The site bounded by Manchester, Lichfield and Peterborough Streets was one of five sites set aside by the Canterbury Association in the original survey of Christchurch, which was carried out during 1850. A church, the Chapel of Ease, was built on the site between 1858 and 1860. After St Michael and All Angels, it was the second Anglican church in Christchurch. The result was described as "ugly and barn-like". This first church had a frontage onto Peterborough Street, and it was extended in 1871 based on a design by Benjamin Mountfort. The Chapel of Ease was demolished in 1908.

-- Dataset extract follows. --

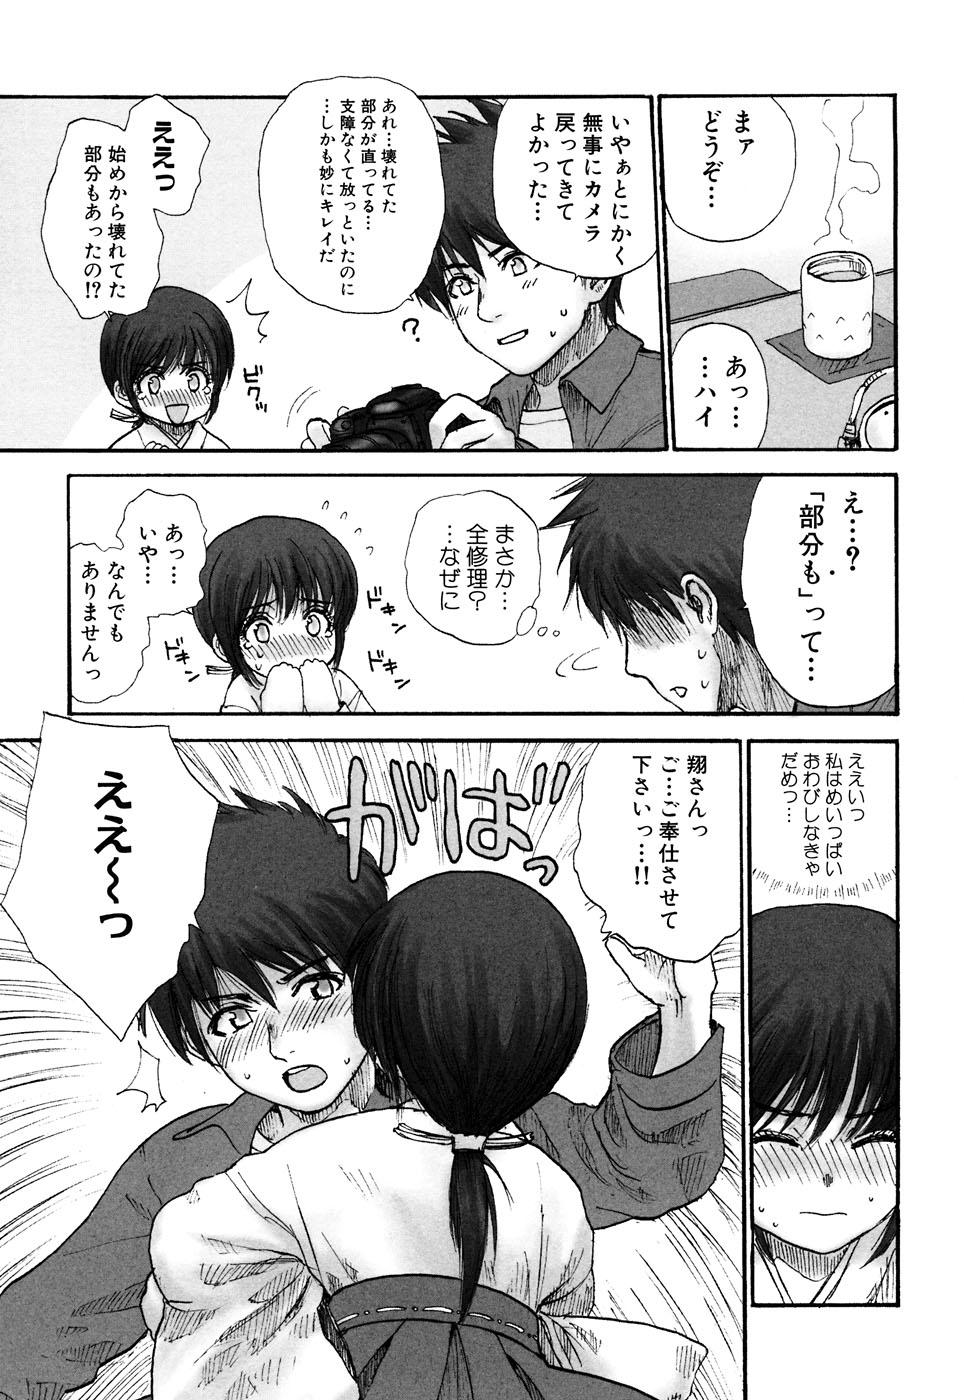 Fechikko VS Series ROUND.2 Miko San VS Maid San 75

St Luke's was designed by Cyril Mountfort, the son of Benjamin Mountfort, in Gothic Revival style. St Luke's design is similar to two churches designed by Mountfort Senior in the 1880s; The Church of the Good Shepherd in Phillipstown (demolished in 2011) and St John's Cathedral in Napier (destroyed in the 1931 Hawke's Bay earthquake). The foundation stone was laid by Bishop Julius on 3 September 1908.

Construction took 13 months and the contract value was NZ£9,800. The church was consecrated on 17 October 1909 by Bishop Julius, and the sermon read by Archdeacon Averill.

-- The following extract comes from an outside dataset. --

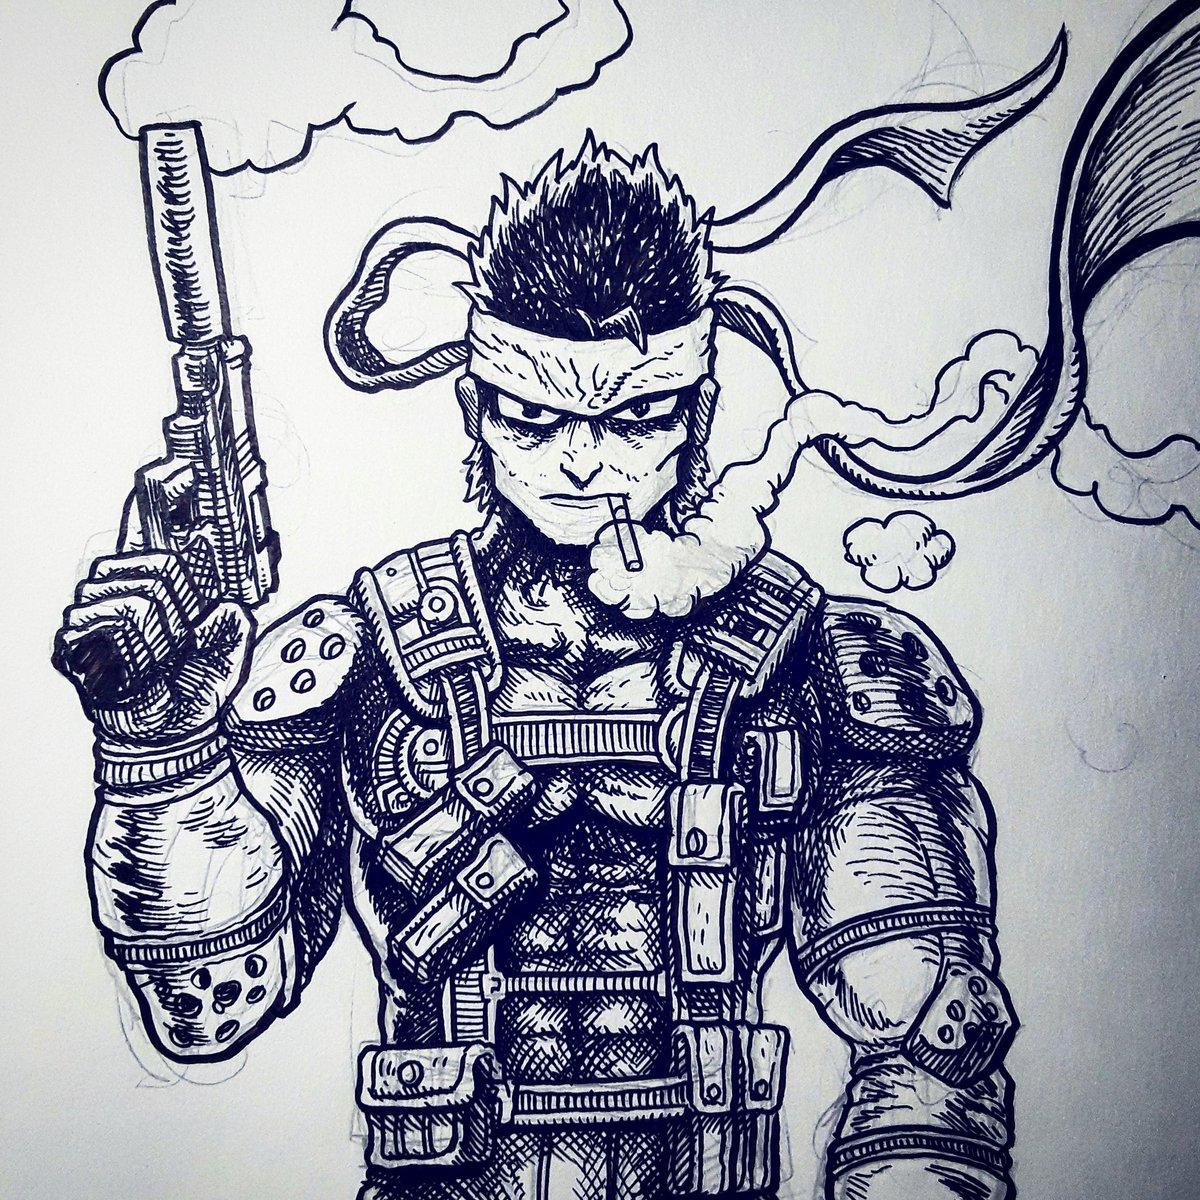 M Deeeee On Twitter Mgs1 Solid Snake Commission Wip Mgs

Of the series of eight stamps issued by New Zealand Post for Christmas 1995, the four highest denominations ($0.80 to $1.80) depicted scenes from the stained glass windows of St Luke's.

The church was badly damaged in the February 2011 Christchurch earthquake, deconsecrated, and demolished the following July. The church can be seen in Gerard Symth's video chronicle of the earthquakes, When A City Falls.

The congregation is still meeting, despite the earthquake damage, and counselling services continue. Services are currently held in the Mary Potter Community Centre, and at the central-city Knox presbyterian church, as well as weekday morning prayer on the St Luke's site but the rebuilding of a church on the site is uncertain.

==Heritage registration==
The church was registered by the New Zealand Historic Places Trust as a Category II heritage building with registration number 3353. The adjacent St Luke's Vicarage was registered on 15 February 1990 as a Category I heritage building with registration number 3132 and remains standing, under restoration as a residential dwelling.